95% of cases have a t(12;16)(q13;p11) rearrangement resulting in the fusion of the 5’FUS to the 3’DDIT3. 5% of cases can have a t(12;22)(q13;q12) resulting in a fusion of EWSR1 and DDIT3. The different fusions are not known to be associated with a difference in histological grade or clinical outcome.


  • Completed CGL Cytogenetics Solid Tumour Testing requisition form
  • FFPE Tumour specimen (see Specimen GuidelinesCytogenetics FISH FFPE test type)
    • An H&E stained slide with the tumour region circled, and the estimated % tumour content written in the Tumour Content field of the requisition.  NOTE: A minimum of 10% tumour and at least 200 nuclei is required.
    • Specimen block and/or at least one unstained slide for each probe requested.

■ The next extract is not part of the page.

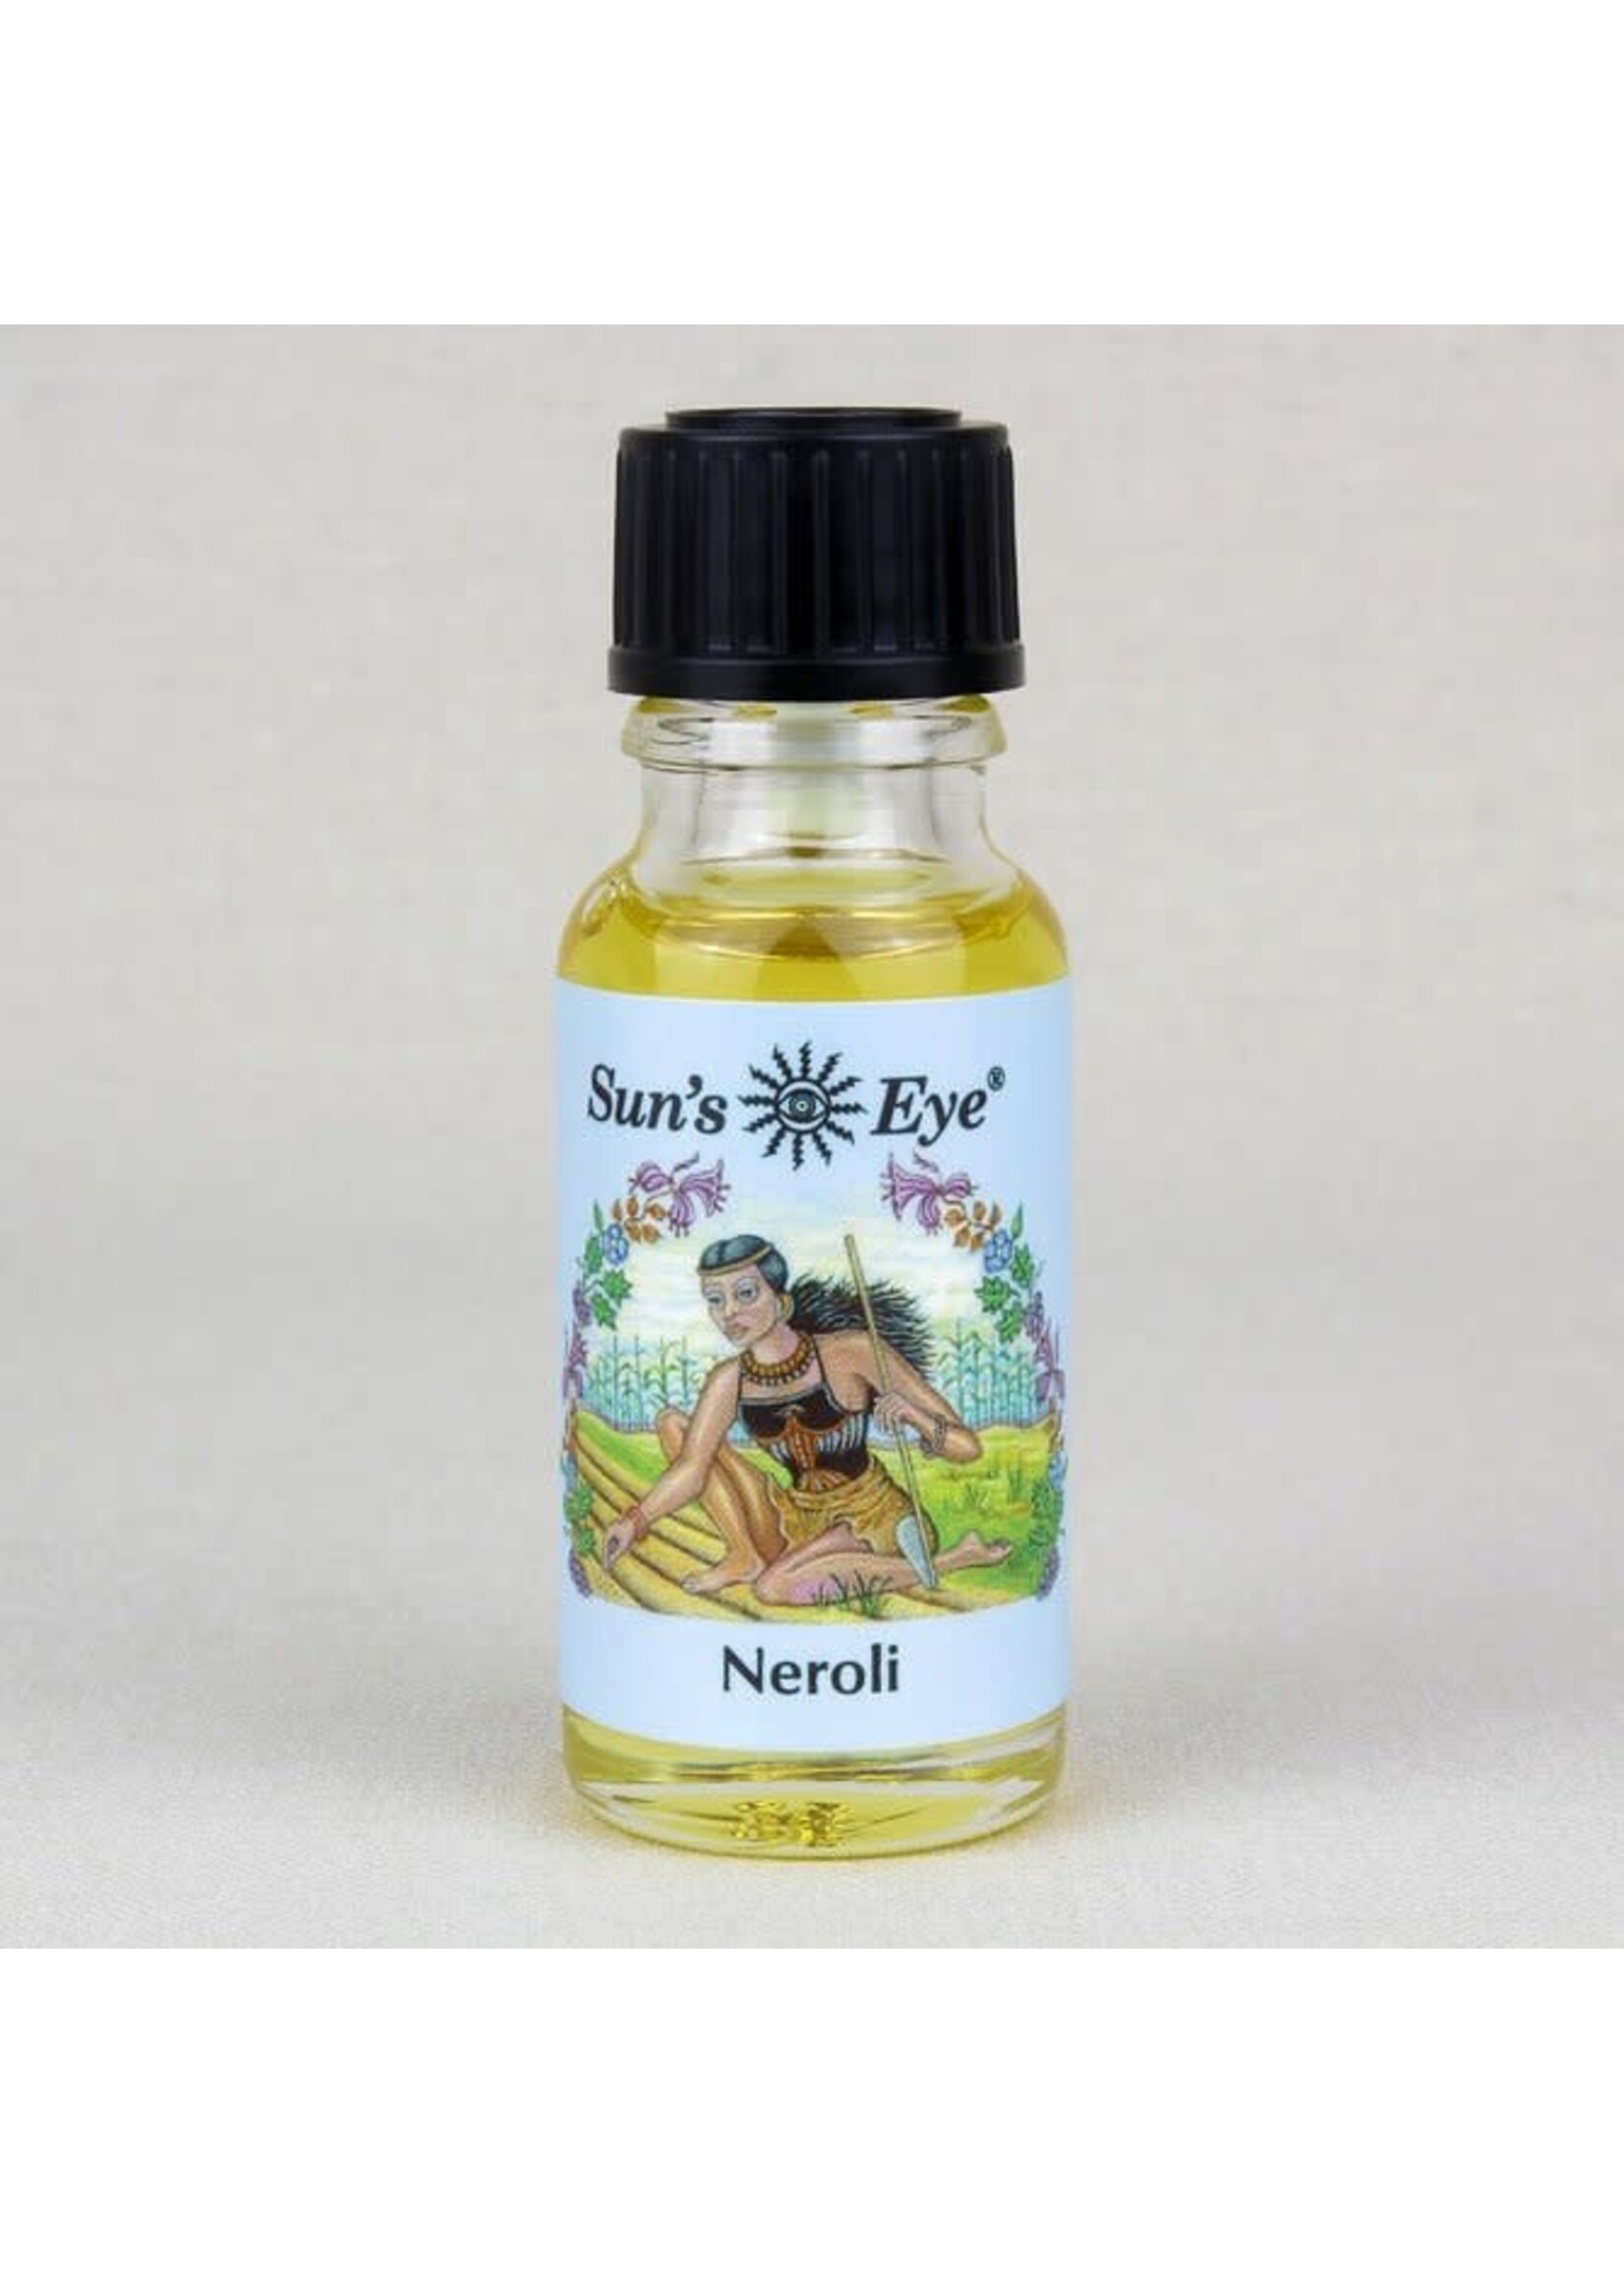 Sun's Eye Fruit + Floral Oils - .5oz Bottle

Results are reported within fourteen days from receipt of specimen and completed requisition form.  


  • Specimens are reported as Positive for a DDIT3 rearrangement or Negative for a DDIT3 rearrangement.
  • DDIT3 rearrangements are identified in almost all myxoid liposarcomas


FISH analysis is performed on the provided paraffin embedded tissue using the DDIT3 (12q13) dual-colour, break-apart probe (Vysis).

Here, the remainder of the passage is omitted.